This is a great book that takes us on a fun comparative healthcare tour round the world. It talks about the different ways countries structure their universal healthcare systems, the benefits and drawbacks of each system and how different countries deal with the rising...
This is a great book that takes us on a fun comparative healthcare tour round the world. It talks about the different ways countries structure their universal healthcare systems, the benefits and drawbacks of each system and how different countries deal with the rising costs of healthcare. But most of all, this is a book that doesn’t lose sight of the moral question. That first question is spelled out in an extensive conversation with Dr. Hsio: “Do people in your country have a right to healthcare? If the people believe that medical care is a basic right, you design a system that means anybody who is sick can see a doctor. If a society considers medical care to be an economic commodity, then you set up a system that distributes health care based on the ability to pay.”
Implicit in this is the question: when it comes to healthcare, whose interests should take precedence? Those of the healthcare industry (pharma, hospitals, insurers, doctors, consultants, administrators, investors) or those of the patients? Every developed country (except America) has decided that healthcare is a right of citizenship and their various universal healthcare systems put patients first. America, by contrast, has decided that the business of healthcare is business.

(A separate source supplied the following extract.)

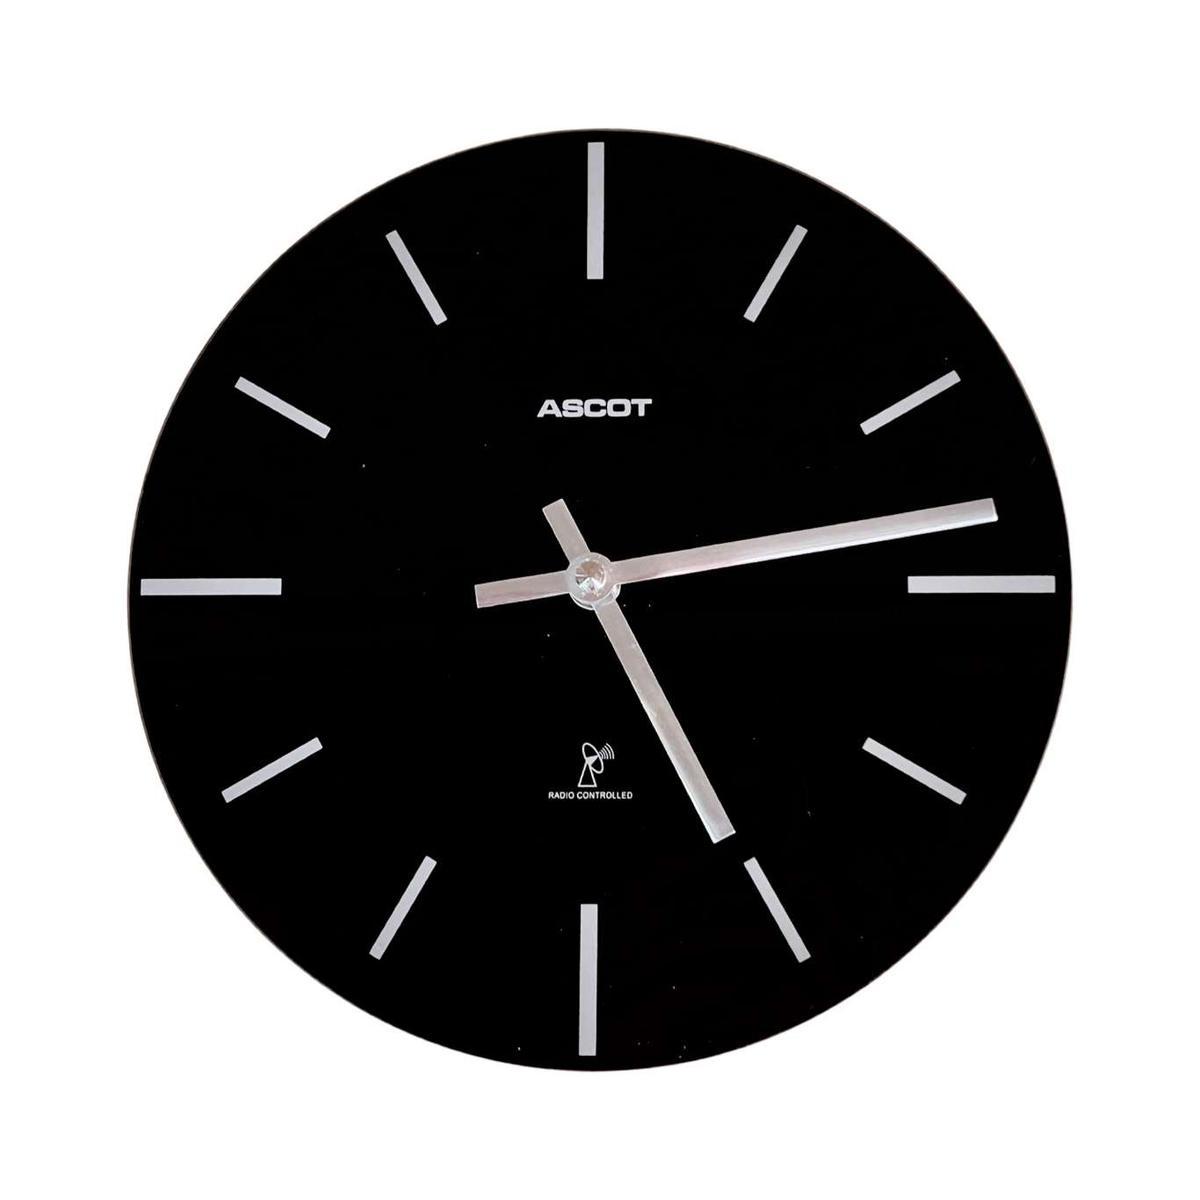 Designerski, minimalistyczny zegar ścienny, Ascot Niemcy nr. 5
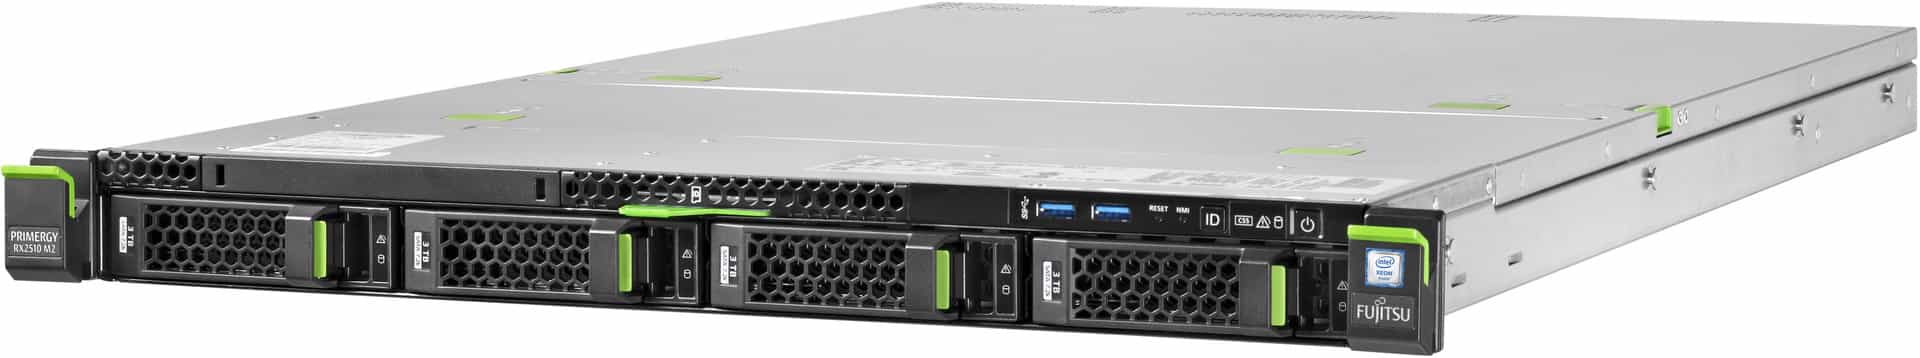 Стоечный сервер Fujitsu Primergy PY RX2530 M1 4ая конфигурация-1

That does not mean that every universal healthcare system is the same. T.R. Reid shows us that every nation’s universal healthcare system is as different as that country’s culture. Germany and Switzerland provide universal healthcare while ensuring that there is more competition between private doctors, insurers, hospitals and pharmaceutical companies than in the United States. When Reid asked Dr. Nakamichi, one of the top orthopedic surgeons in all of Japan, how long he would have to wait if he chose to do a full-scale shoulder-replacement elective surgery, the renowned doctor responded “Tomorrow would be a little difficult. But next week would probably work.” Does your insurance allow you to see a world-renowned doctor at the Mayo Clinic? Can you schedule an elective surgery with a surgeon there next week? Because if you answered in the negative, your insurance isn’t as good as what the Japanese have.
Reid was equally impressed with the French private universal system. The French carte vitale especially blew him away. In fact, the only illustration in this 290-page book is a picture of the card of life. This card contains “the patient’s entire medical record back to 1998. Embedded in the gold square just left of center is a digital record of every doctor visit, operation, X-ray, diagnostic test, prescription warning, etc. together with a report on how much the doctor billed for each visit and how much was paid, by insurance funds and by the patients.” The carte vitale (by now virtually every private universal health care system has one) was invented in the United States. But we can’t use it because here we have denials. Denials, coinsurance, and deductibles don’t happen in carte vitale countries. You pay your premium and co-pay. Full stop. Your doctor knows he will get paid in days or weeks. (How long the depends on the country.) Which is to say—abroad they don’t talk about “patient-centered care”. They do it.
It’s not that these other countries don’t have their problems. No-one has figured out how to contain costs—as we age and our bodies break down and caring for us costs more. It’s just that the major losers in the healthcare systems are “the providers of healthcare—doctors, nurses, therapists, and hospitals” not the patients as in the United States. In Japan, that means spartan clinics and old hospitals; in order-loving Germany, the doctors demonstrated for higher pay. I am not saying that doctors and insurance executives are paupers. They are comfortable in the upper middle class; they are simply not in the country club set. On the flip side, no patient fights with an insurance company to cover a life-saving treatment; no-one declares medical bankruptcy. And (possibly because patients don’t feel that the whole system is out to get them) no doctor worries about getting sued. Many of the doctors Reid talked to were not sure how much they pay for malpractice insurance.
There is no one way to make sure that every single person has a right to see a doctor when he is sick. How we do it will depend on our culture. But before we debate what is the right way to do healthcare, we need to decide whether healthcare is a business that benefits insurance companies, doctors, drug manufacturers, investors, hospitals and the like or if it is a service to which we are entitled because we are Americans.
The first question is a moral one. Do we have to buy life or do we have a right to live?
The Healing of America takes us round the world showing how different countries deliver healthcare to their people but it never loses sight of this basic, moral question. I recommend it.